__Work order__. Please write out only the lines from the line with "ジュラシックパークマラウイ強調Sharing Life ビーグル" to the line with "Чемпионат мира по", inclusive, exactly as they stand below, without the pictures.

__Data__.
------------------------------------------------------------
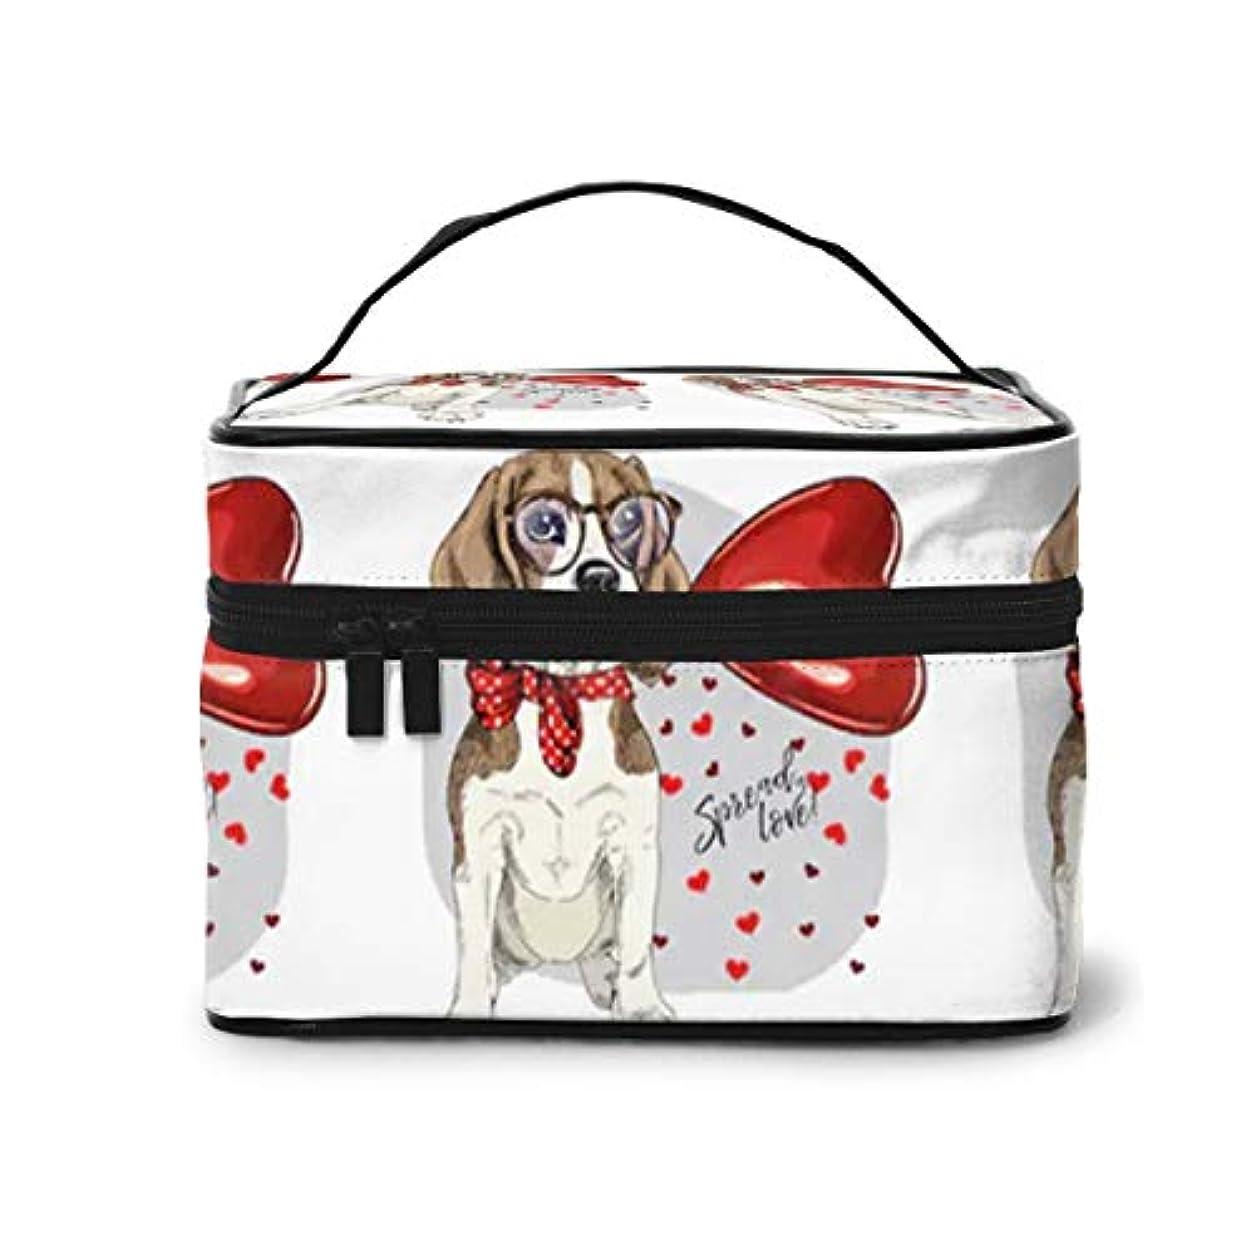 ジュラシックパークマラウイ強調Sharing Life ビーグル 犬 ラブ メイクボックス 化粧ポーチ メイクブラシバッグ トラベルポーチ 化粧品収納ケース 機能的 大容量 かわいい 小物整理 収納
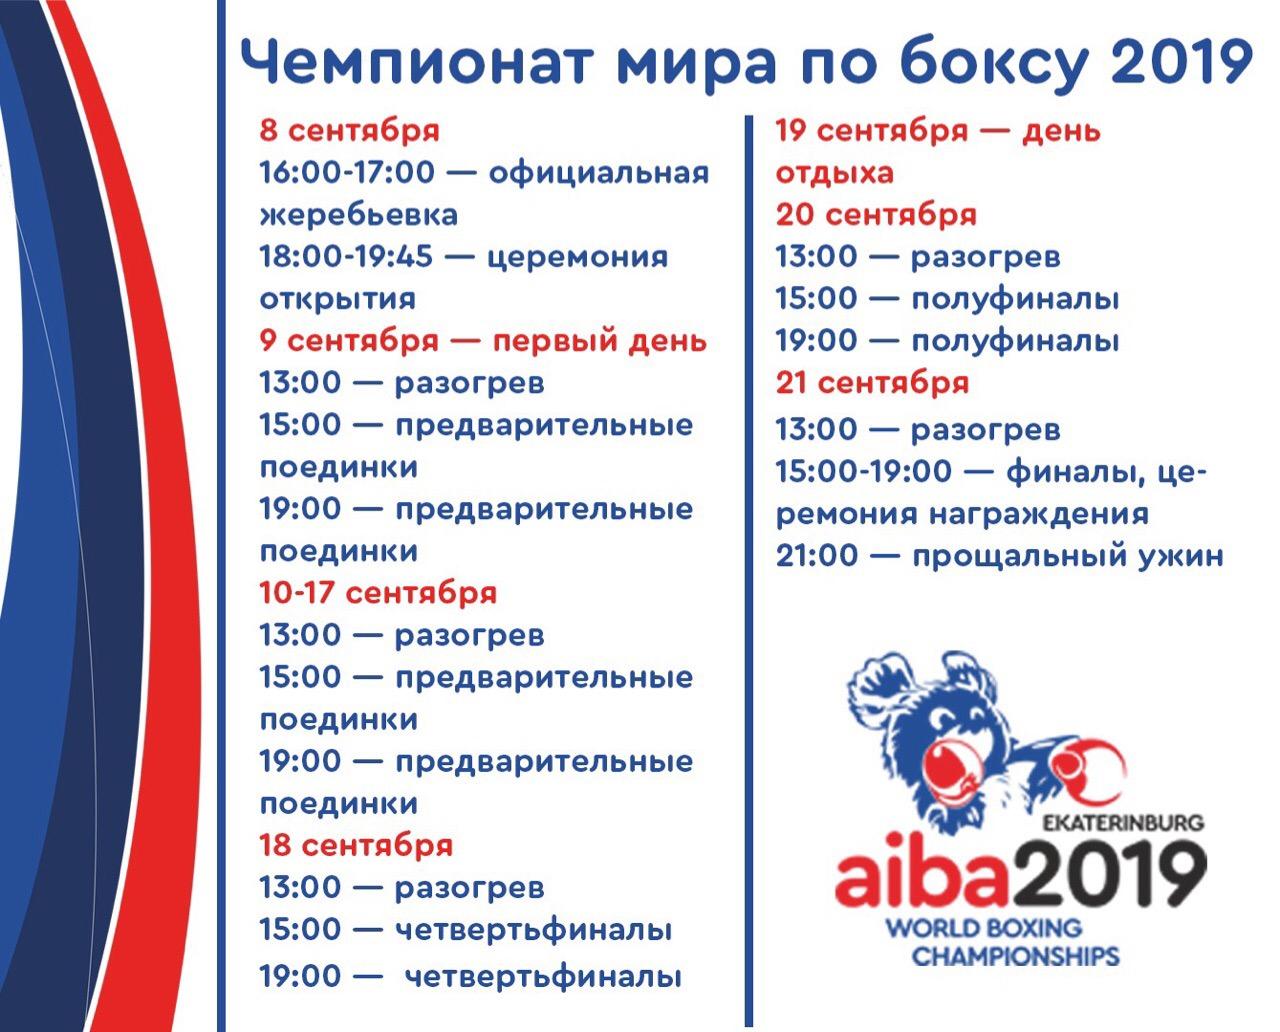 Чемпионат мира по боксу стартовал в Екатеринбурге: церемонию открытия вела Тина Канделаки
------------------------------------------------------------
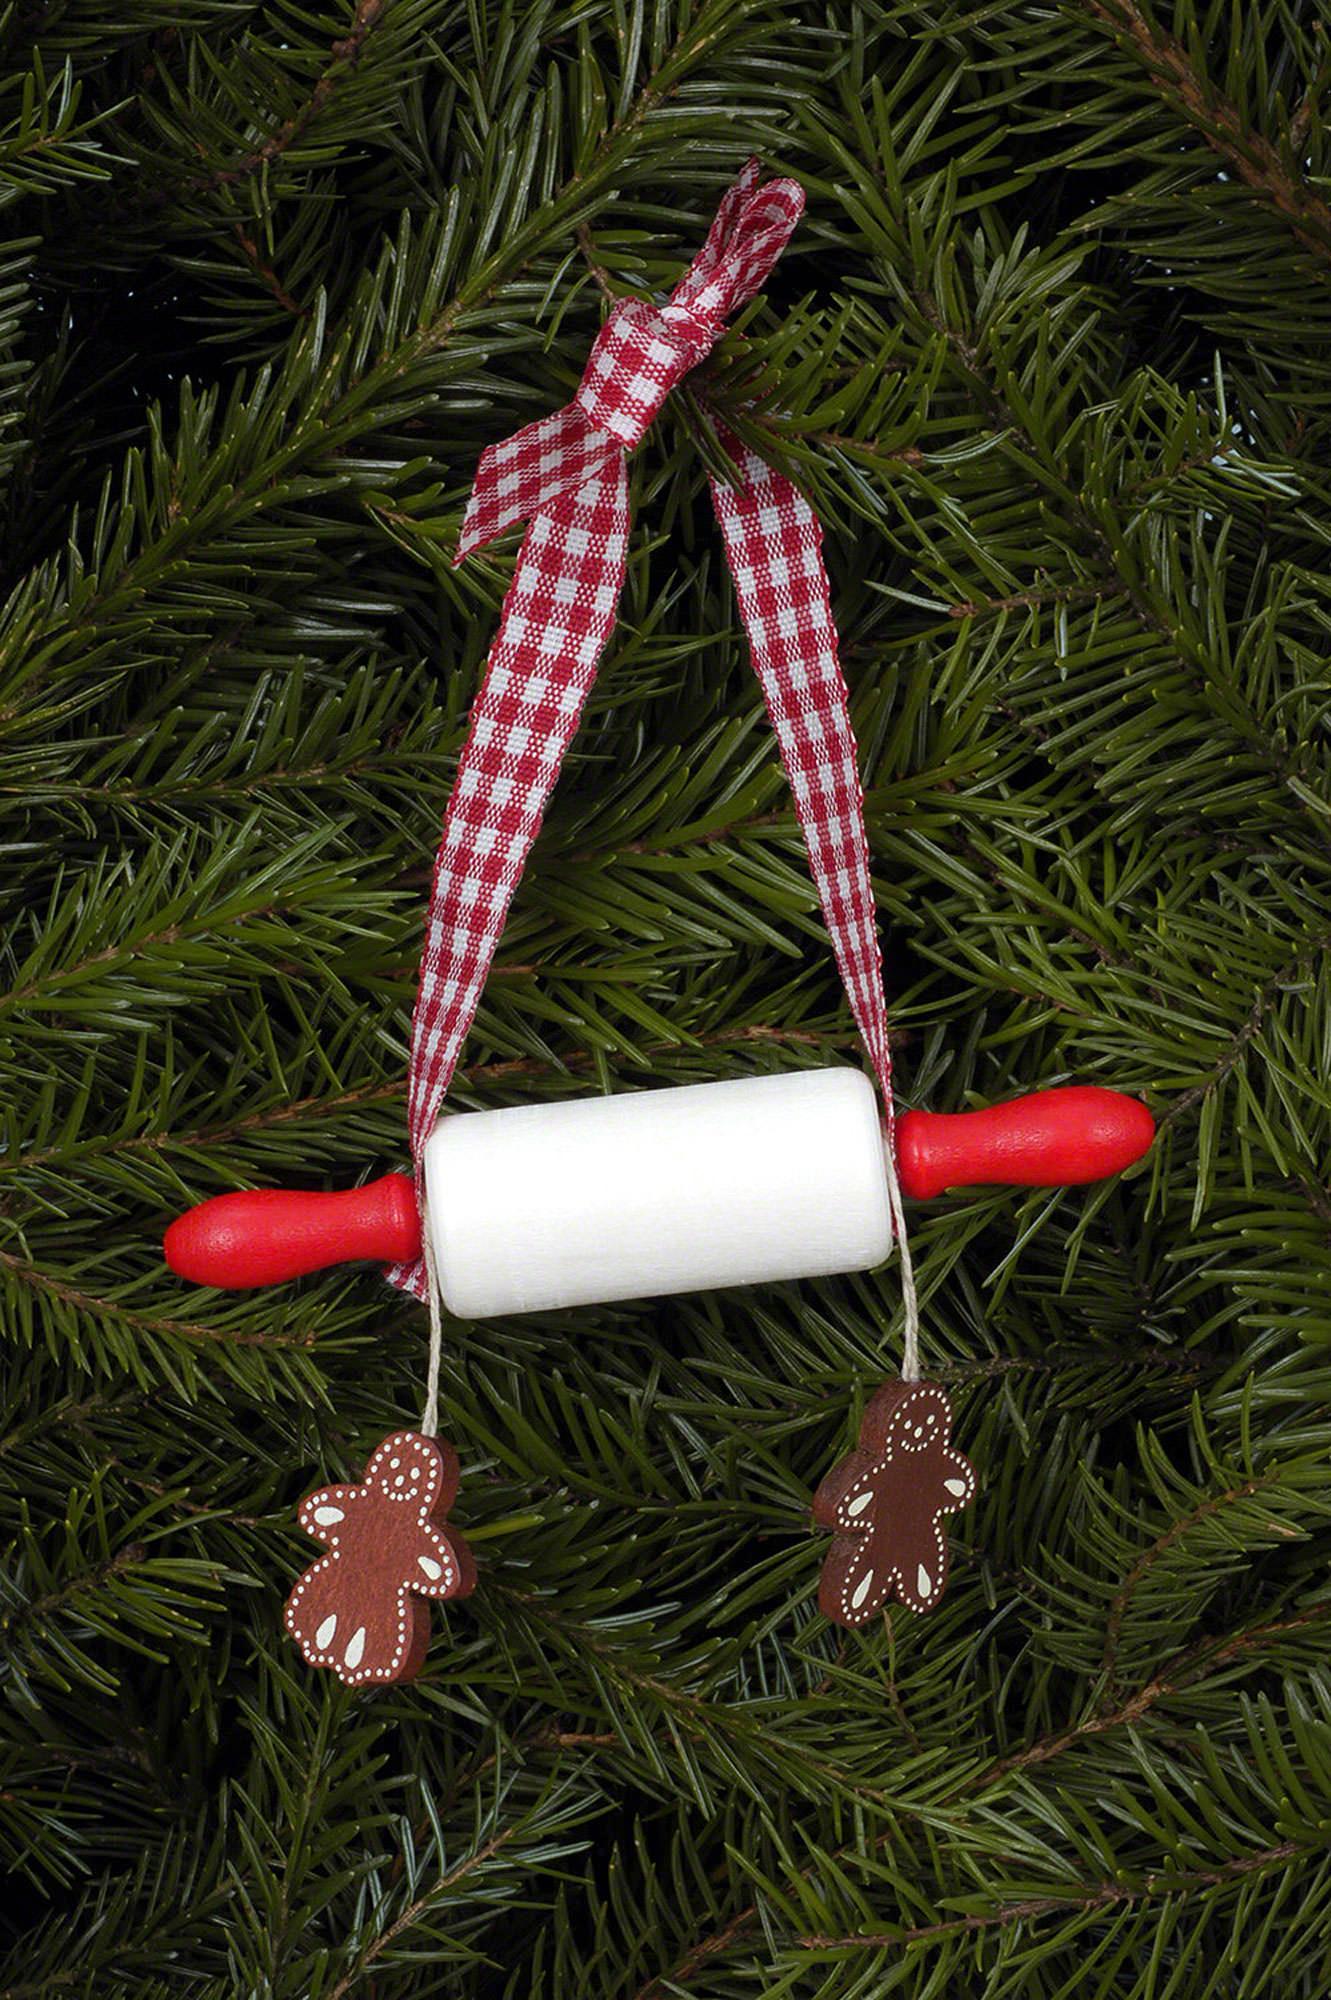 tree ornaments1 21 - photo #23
------------------------------------------------------------
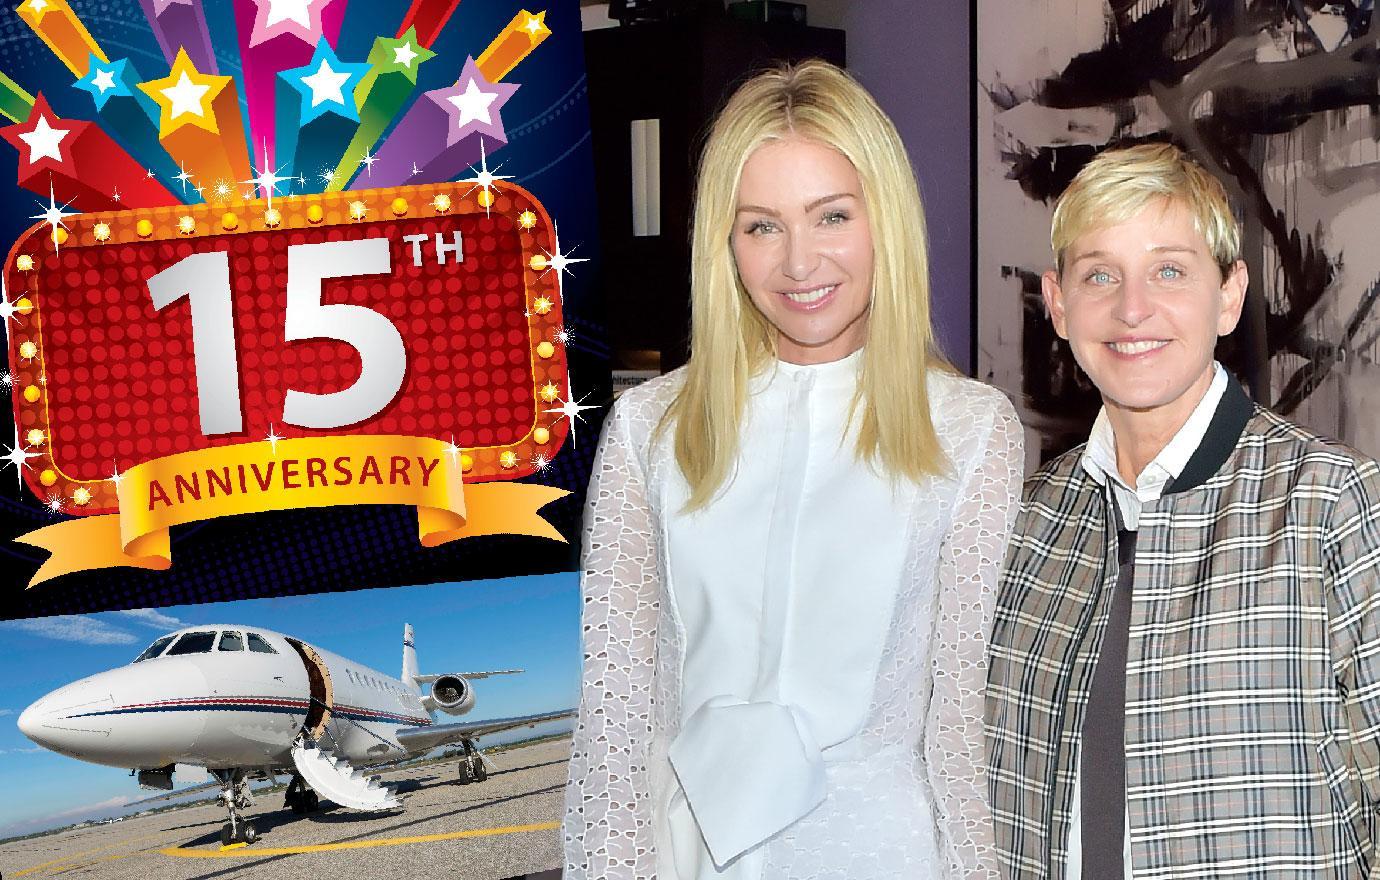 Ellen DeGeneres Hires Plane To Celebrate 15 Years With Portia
------------------------------------------------------------
__Expected answer__.
 ジュラシックパークマラウイ強調Sharing Life ビーグル 犬 ラブ メイクボックス 化粧ポーチ メイクブラシバッグ トラベルポーチ 化粧品収納ケース 機能的 大容量 かわいい 小物整理 収納
 Чемпионат мира по боксу стартовал в Екатеринбурге: церемонию открытия вела Тина Канделаки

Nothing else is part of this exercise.